25 Indigenous land titles for distribution, six given in 2023


The Ministry of Amerindian Affairs is actively working to clear the substantial backlog in the approval and distribution of Amerindian land titles with some 25 titles to be distributed.

Subject minister Pauline Sukhai on Tuesday told reporters, during a press conference held at the ministry that six land titles were distributed last year.

This was one more than what was done in 2022 and now, the re-established Amerindian Land Titling Unit will soon notify of 23 extensions and three first time titles. Land titling is the process of offering legal recognition to lands occupied by Guyana’s indigenous people.

“In the last three years we have moved to re-establishing a functioning unit that is taking seriously the titling of lands for Amerindians and last year we titled six and 25,677 Amerindian residents across our country are land secure,” Minister Sukhai said.

The six villages that received the titles last year are Four Miles, Region One; Paramakatoi, Region Eight; Copoey Extension, Mashabo Extension, Akawini and Wakapao in Region Two.

This is significant because Guyana has a 10 per cent indigenous makeup with 16.4 per cent of the land mass based on the current census data. But the process of land titling has been a slow one. The issue, according to Sukhai is that a backlog from the previous, APNU government, has caused the lengthy process to be further dragged out.
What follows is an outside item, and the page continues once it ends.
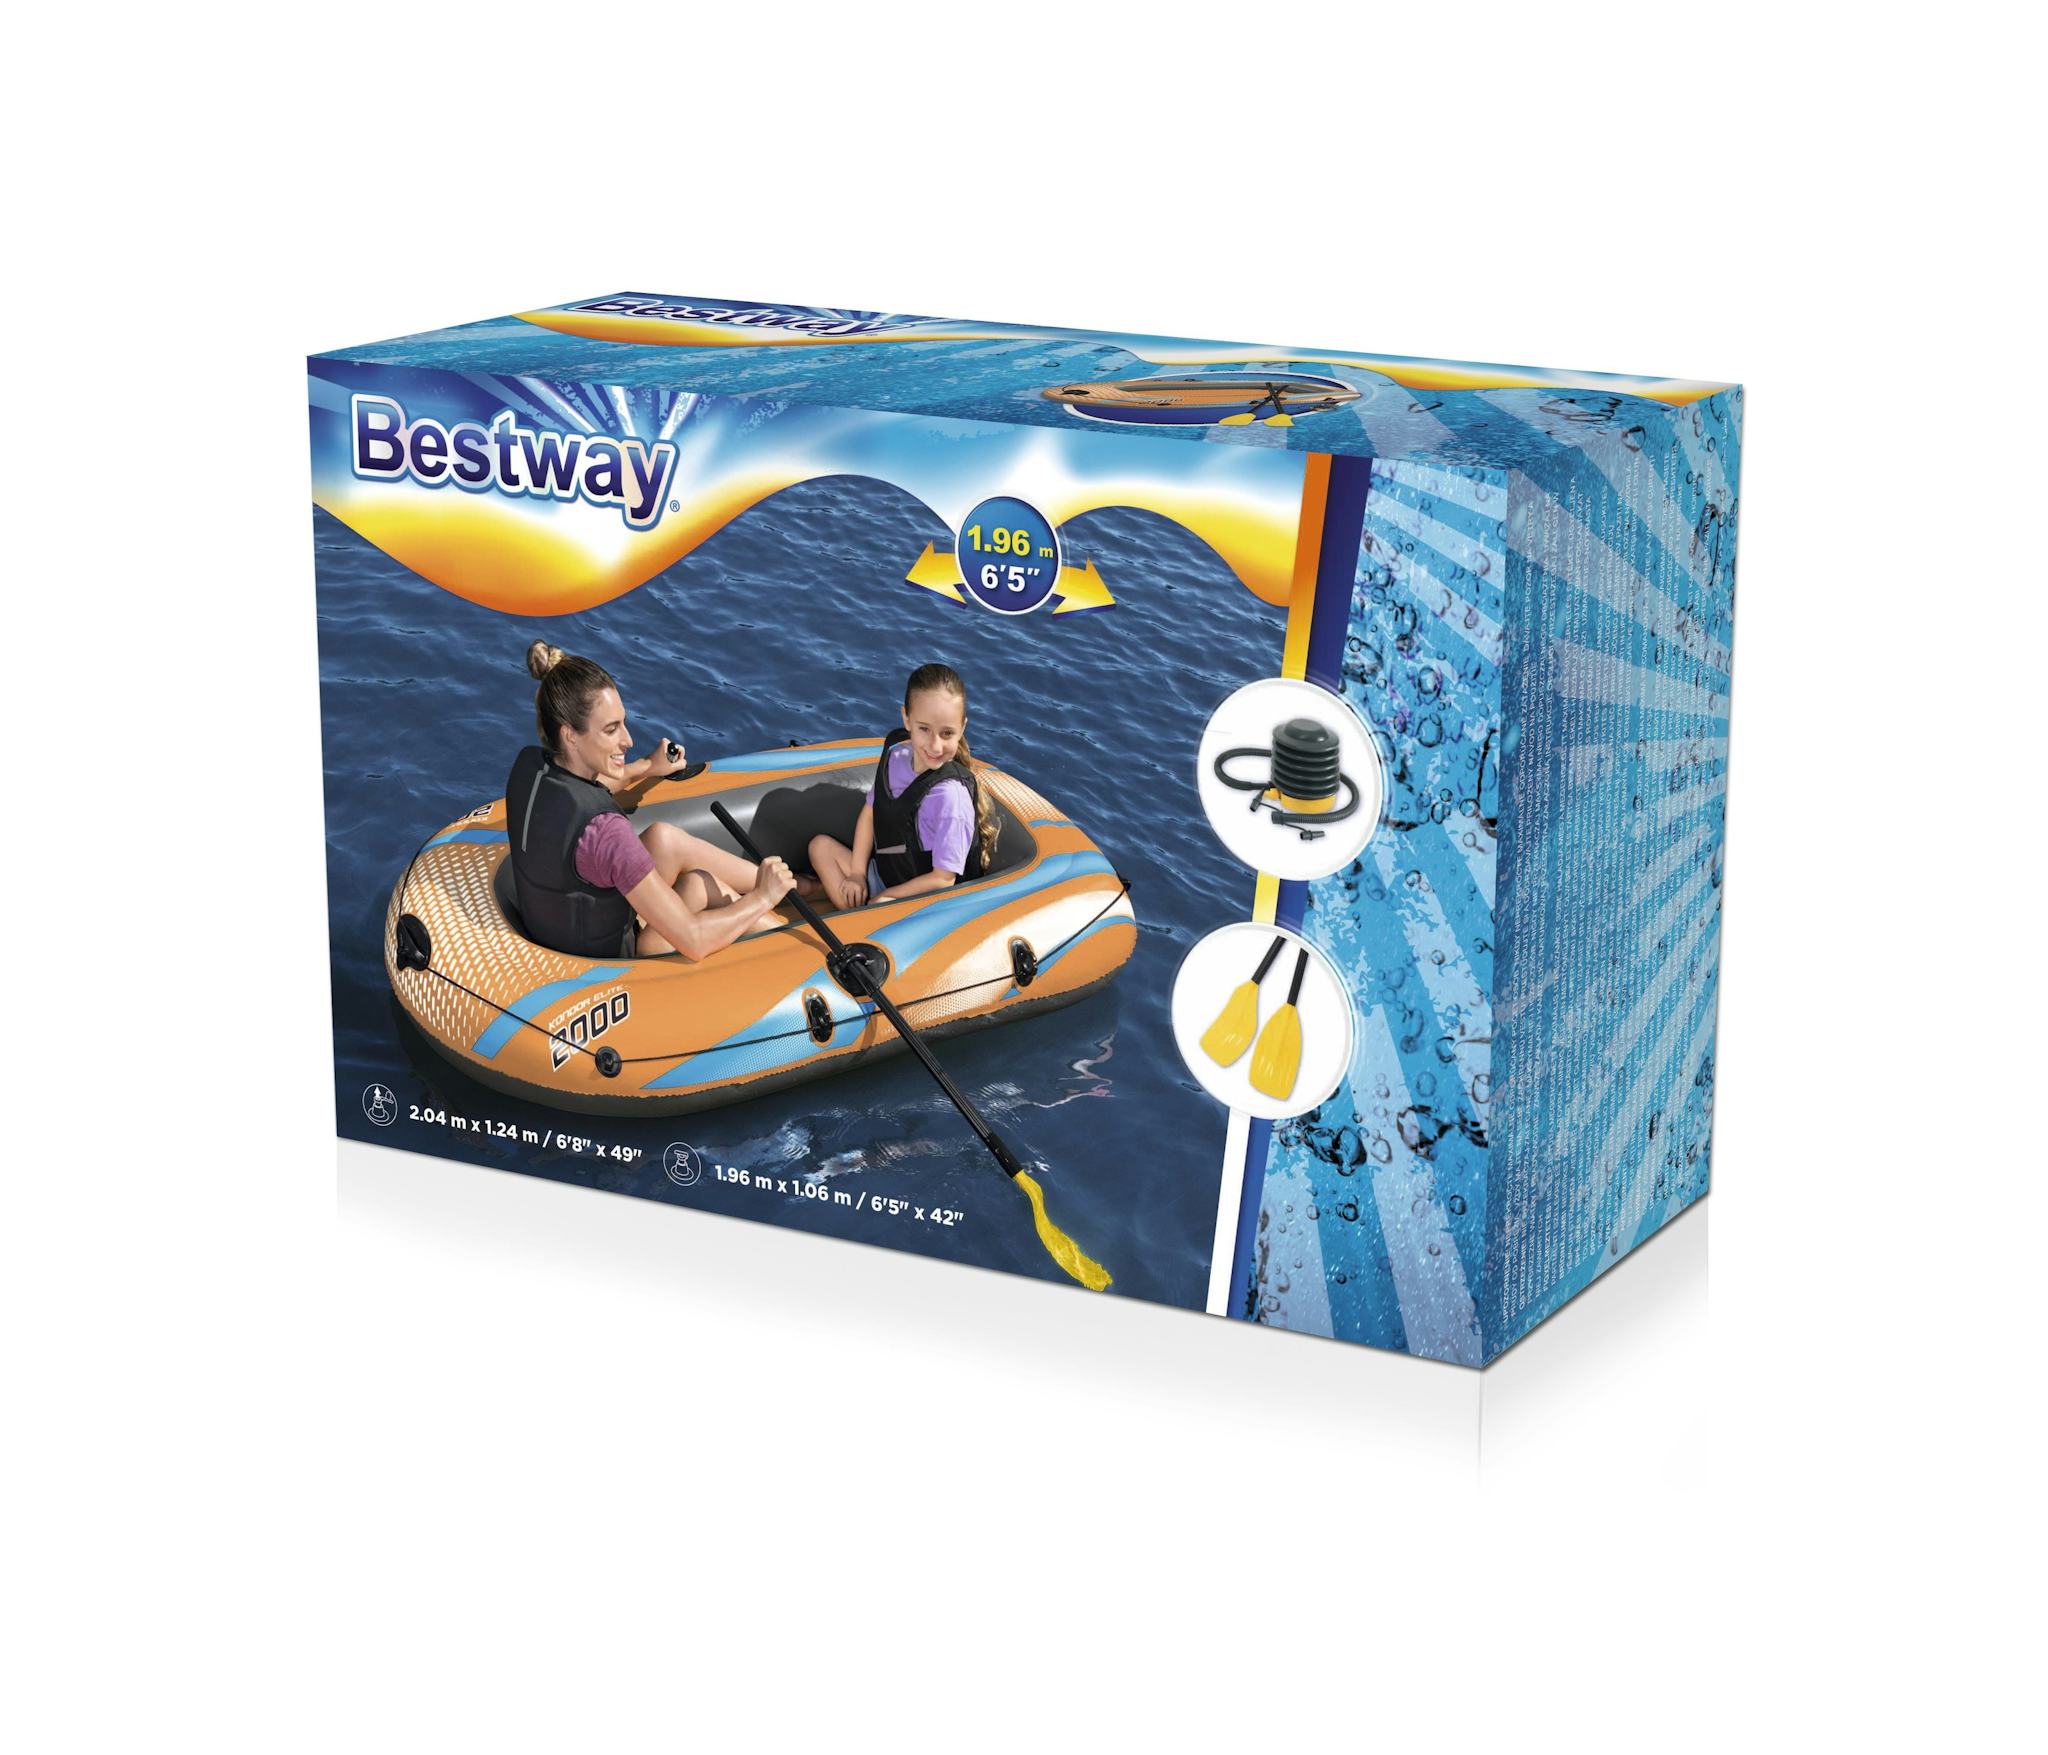 Sports d'eau Bateau gonflable Kondor Elite™ 2000 raft set, 196 x 106 cm, 1 adulte+1enfant, 120kg max, pompe à pied et 2 pagaies Bestway 24

This means new applications cannot get approved because older ones are yet to undergo the process.

Minister of Amerindian Affairs Pauline Sukhai (Photo: News Room/ January 9, 2024)

“We have to go down to the ground and we have to hold consultations with various stakeholders, national institutions, commissions and we have to compile a report with findings and recommendations that will be examined at a technical level,” Minister Sukhai said.

Nevertheless, minister said in 2024 the ministry will hand over the remaining titles and 39 demarcations will be conducted.

“These are applications that are investigated already, well 18 of this 23 [extensions] are completed investigations so we are hoping that this year, we will be able to address [them], including the remaining investigations,” the minister said.

The Amerindian Land Titling process is being facilitated by the Amerindian Act of 2006 and was scheduled to commence in 2013 and end in 2016 under the auspices of the Government of Guyana and the United Nations Development Fund, with funding of $2.2 billion (US$10.7 million) provided from the Guyana REDD+ Investment Fund (GRIF). However, the project was extended from 2016 to 2018 and subsequently from 2019 to 2021 and again from 2022 to 2024.